*Records provided*:
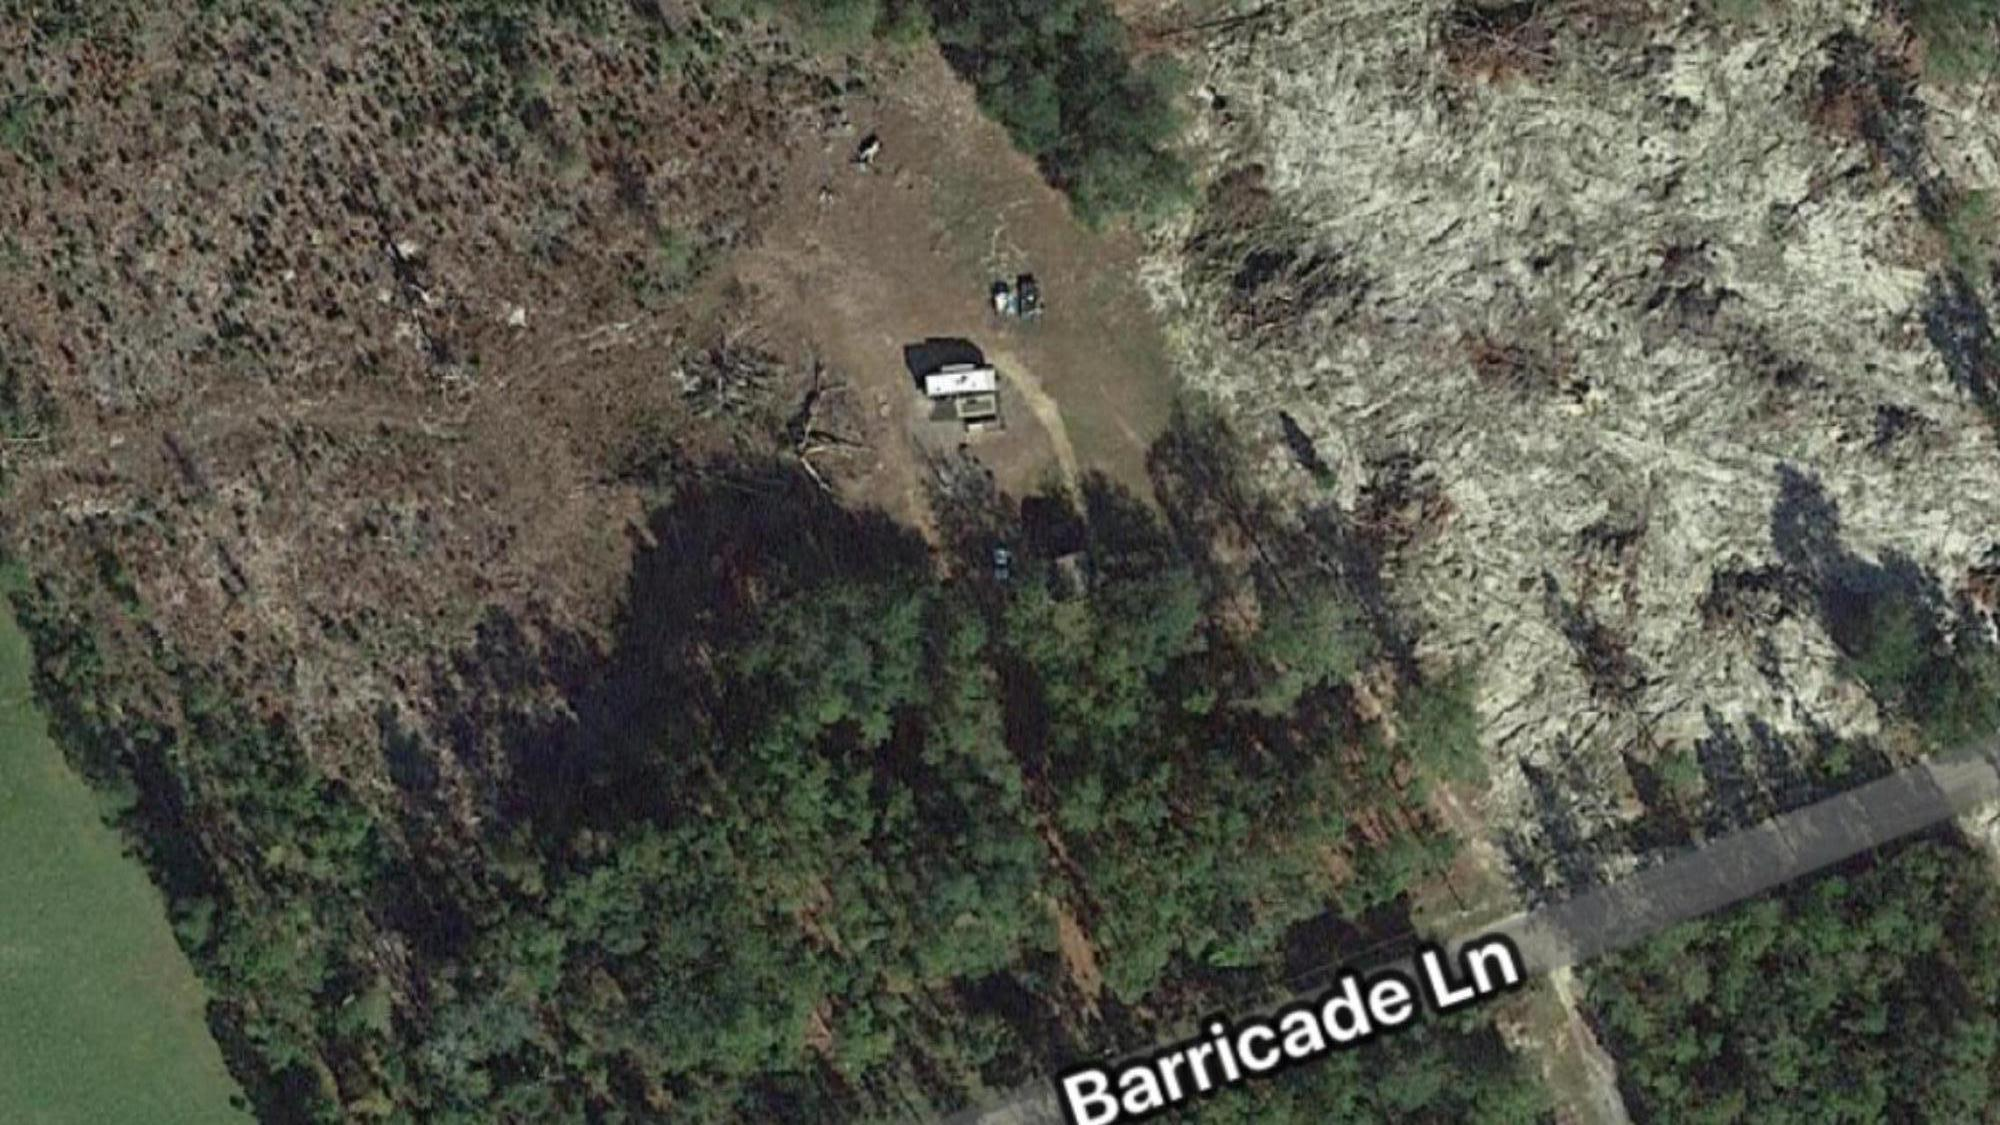 358 Barricade Lane Dorchester, SC 29437
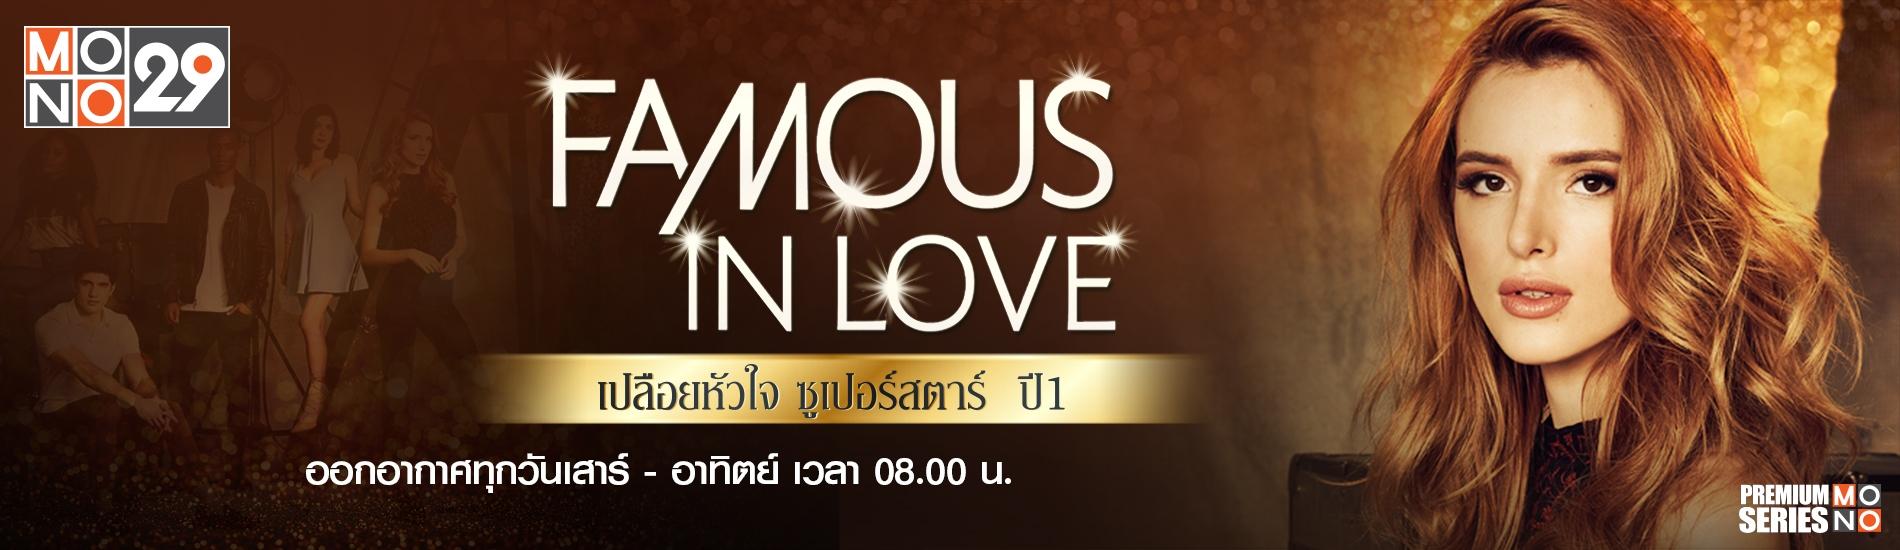 Famous In Love เปลือยหัวใจ ซูเปอร์สตาร์ ปี 1
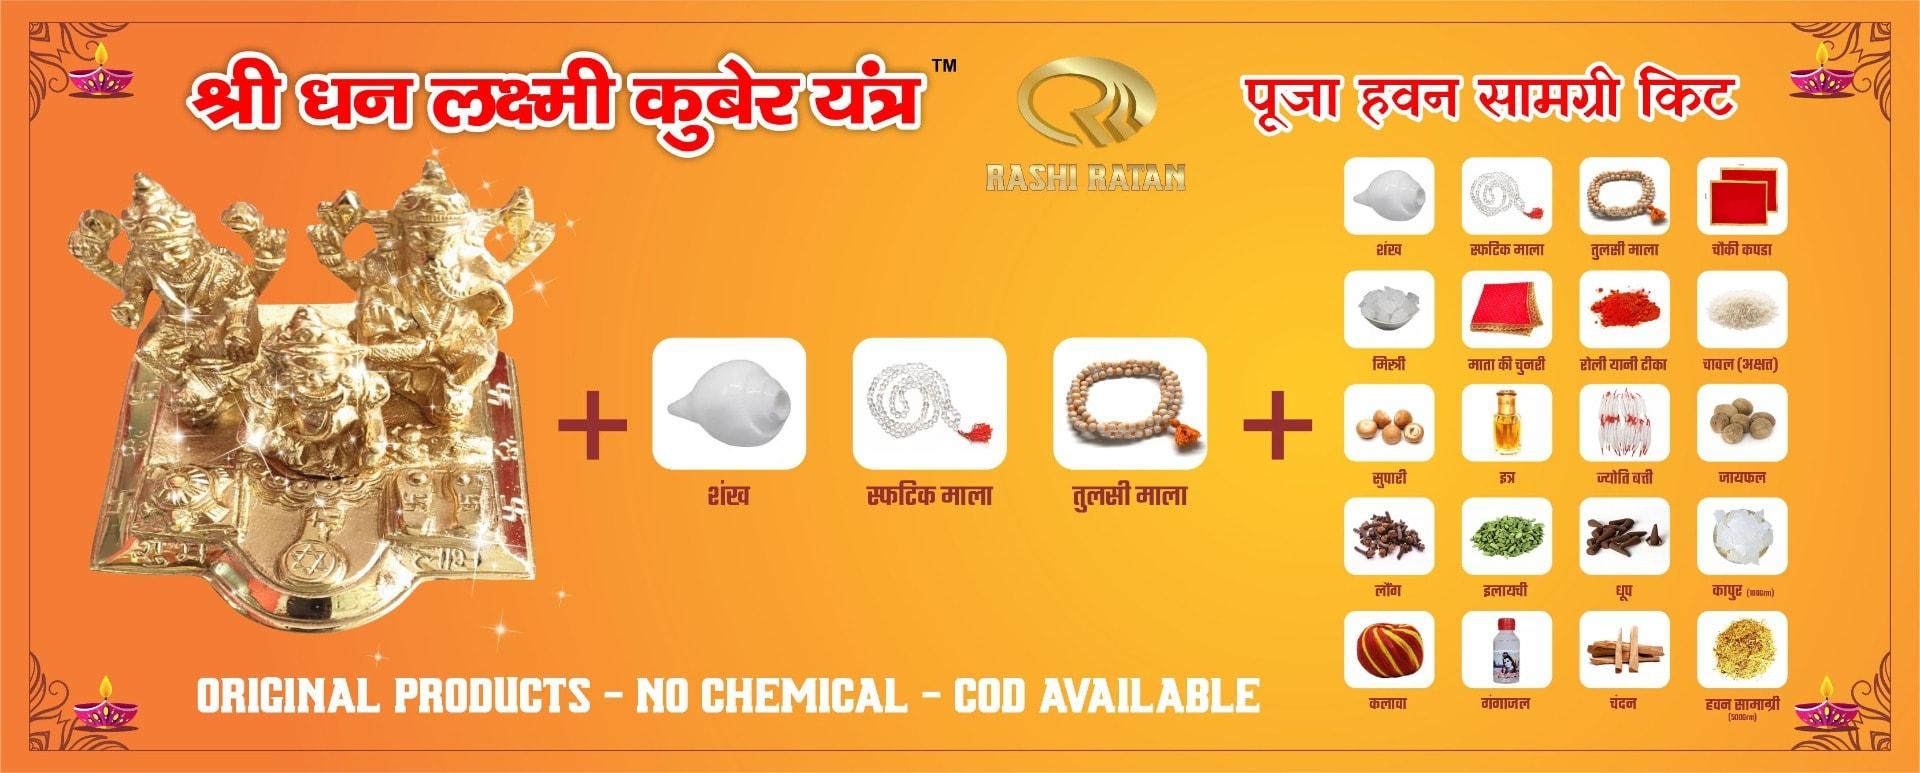 Rashi Ratan Sansthan - Havan Samagri Supplier in Greater Noida, Noida
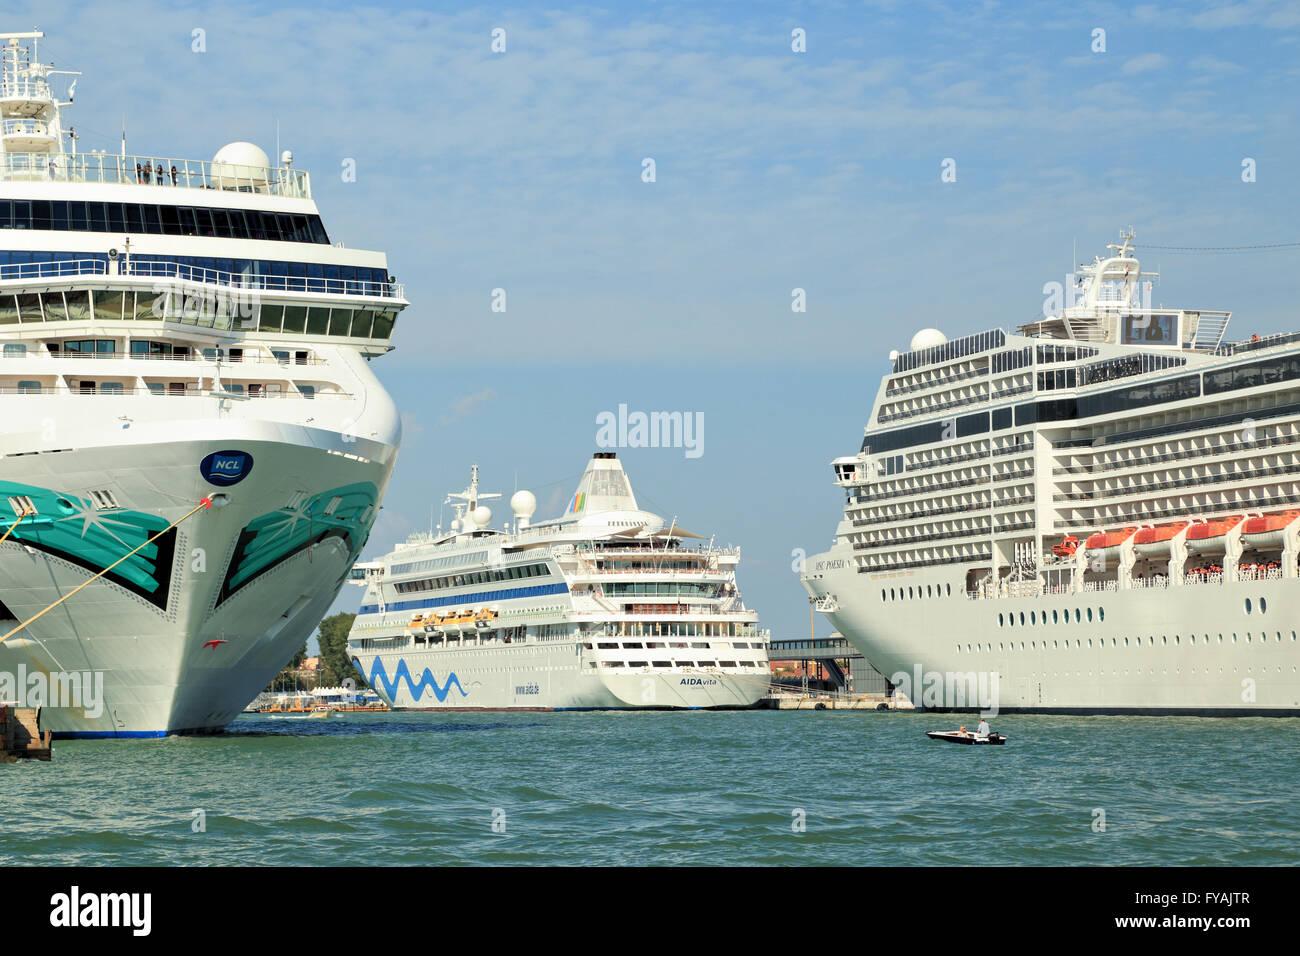 Cruise ships Norwegian Jade, AIDAvita, and MSC Poesia in the port of Venice - Stock Image
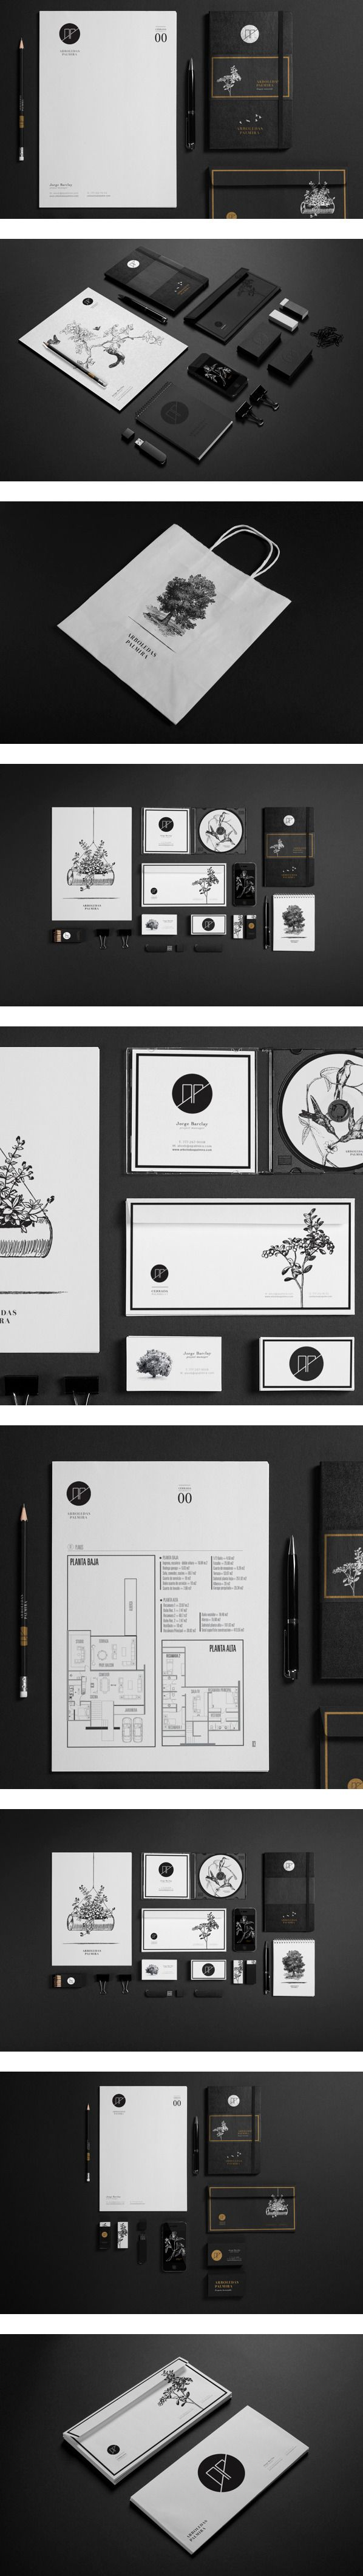 AP by Diego Leyva, via Behance | #stationary #corporate #design #corporatedesign #identity #branding #marketing < repinned by www.BlickeDeeler.de | Take a look at www.LogoGestaltung-Hamburg.de
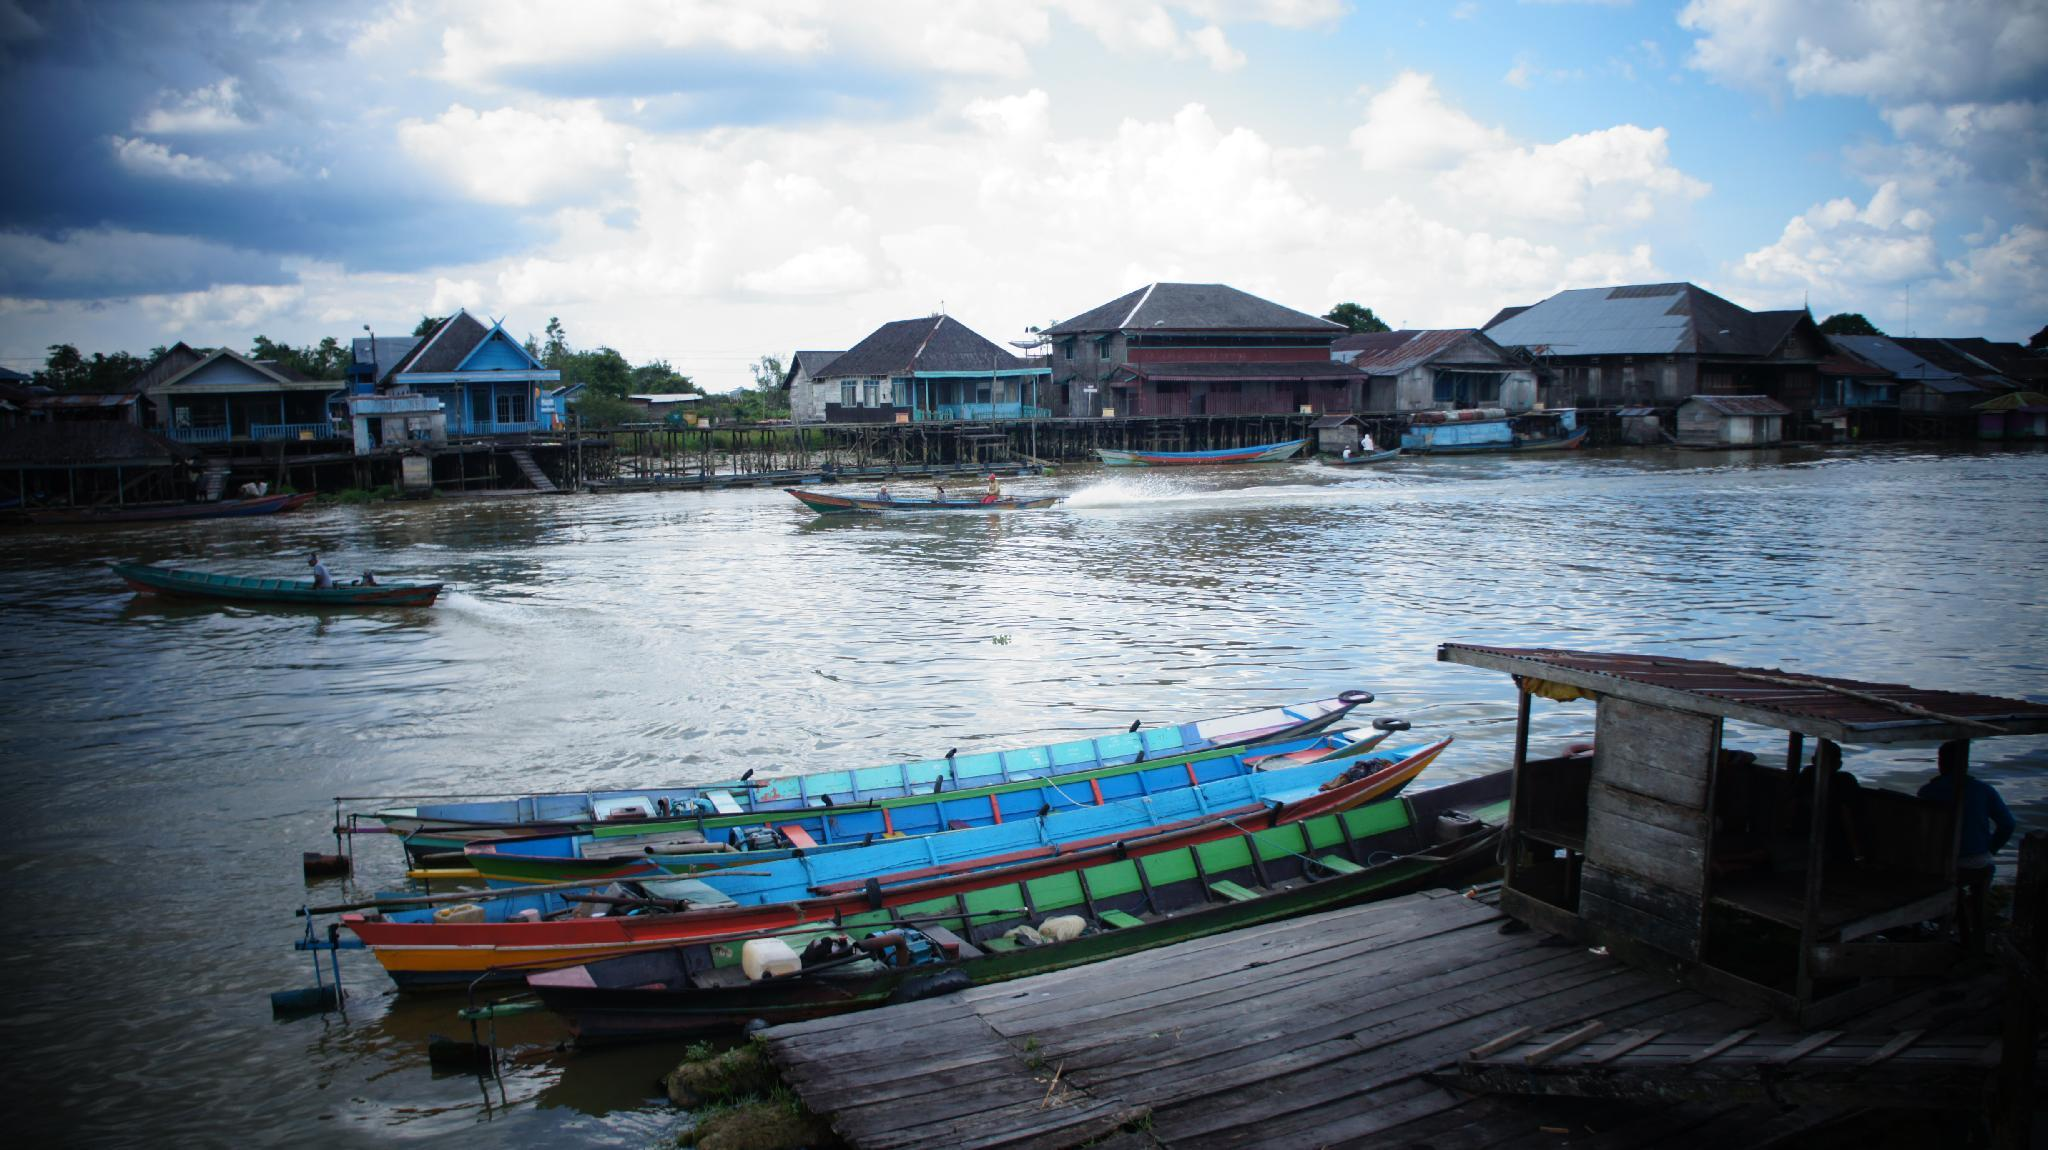 Dayak Traditional Wooden House Riverside

*Work item*:
Set down exactly and only the lines from the line that contains "Rashi Ratan Sansthan" through the last line of the entries above, with both of those lines included and the pictures left out.

*Finished exercise*:
 Rashi Ratan Sansthan - Havan Samagri Supplier in Greater Noida, Noida
 Cruise ships Norwegian Jade, AIDAvita, and MSC Poesia in the port of Venice - Stock Image
 AP by Diego Leyva, via Behance | #stationary #corporate #design #corporatedesign #identity #branding #marketing < repinned by www.BlickeDeeler.de | Take a look at www.LogoGestaltung-Hamburg.de
 Dayak Traditional Wooden House Riverside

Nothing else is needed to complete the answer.